_Work order_
Skip the images and print the listing exactly.

[Dataset excerpt — start]

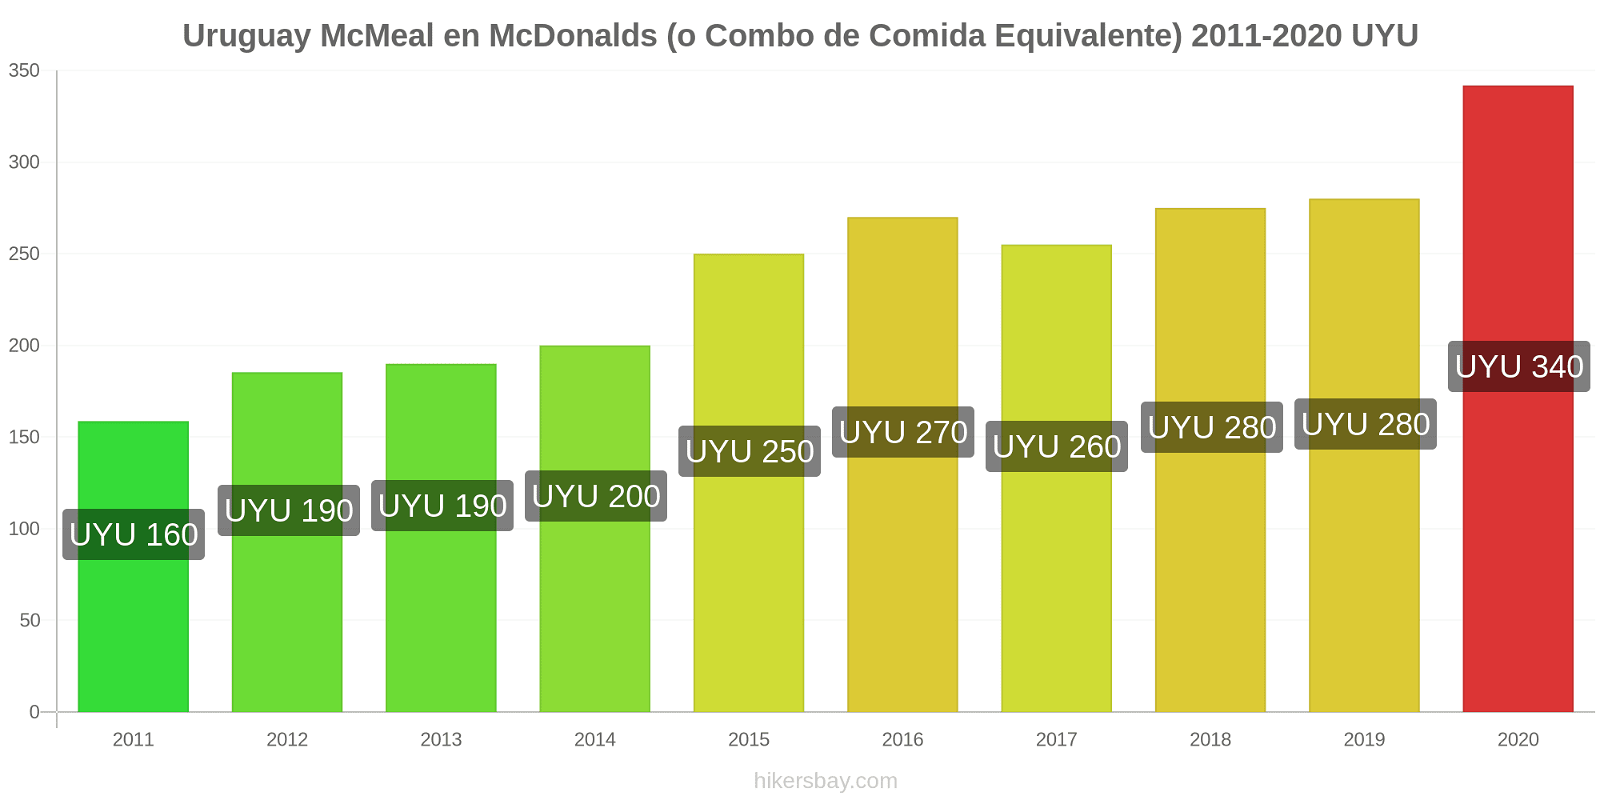 Uruguay cambios de precios McMeal en McDonalds (o menú equivalente) hikersbay.com
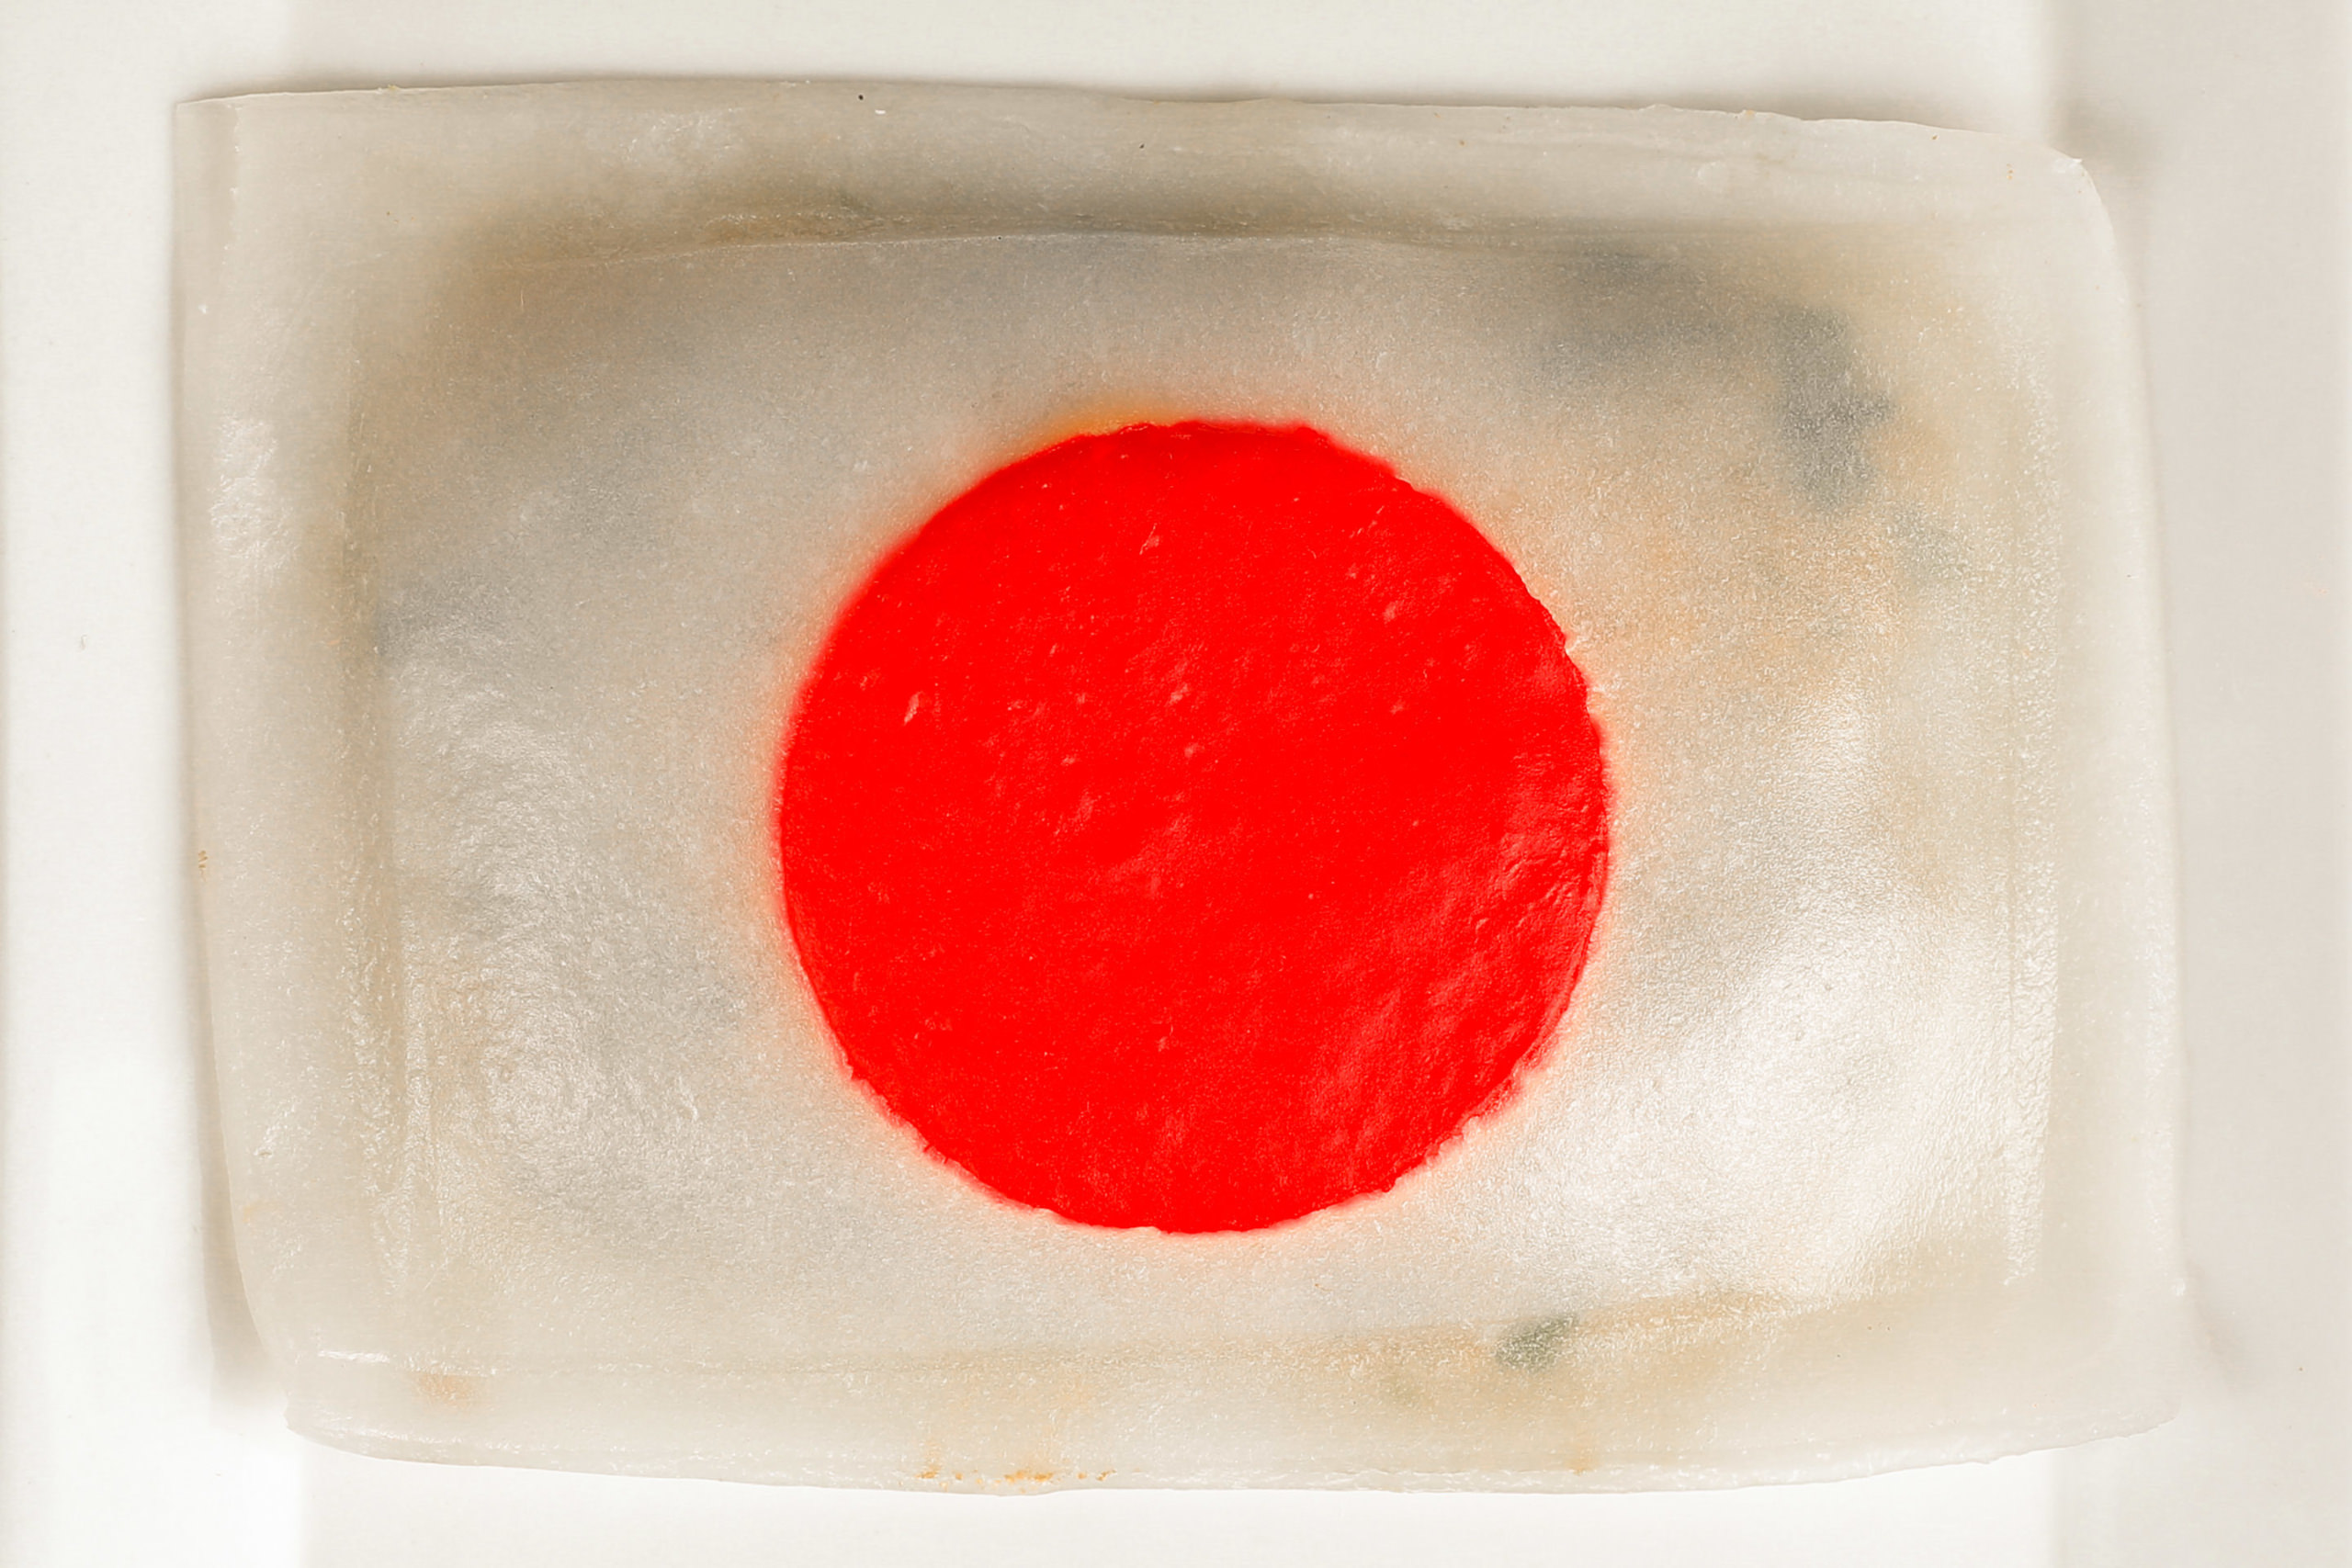 日本国旗をかたどったジャンボな餃子を7／13から期間限定販売！
サマージャンボ当選とコロナ禍の飲食店の活性化を祈念！

[Dataset excerpt — finish]

_Solution for this task_
 Uruguay cambios de precios McMeal en McDonalds (o menú equivalente) hikersbay.com
 日本国旗をかたどったジャンボな餃子を7／13から期間限定販売！
サマージャンボ当選とコロナ禍の飲食店の活性化を祈念！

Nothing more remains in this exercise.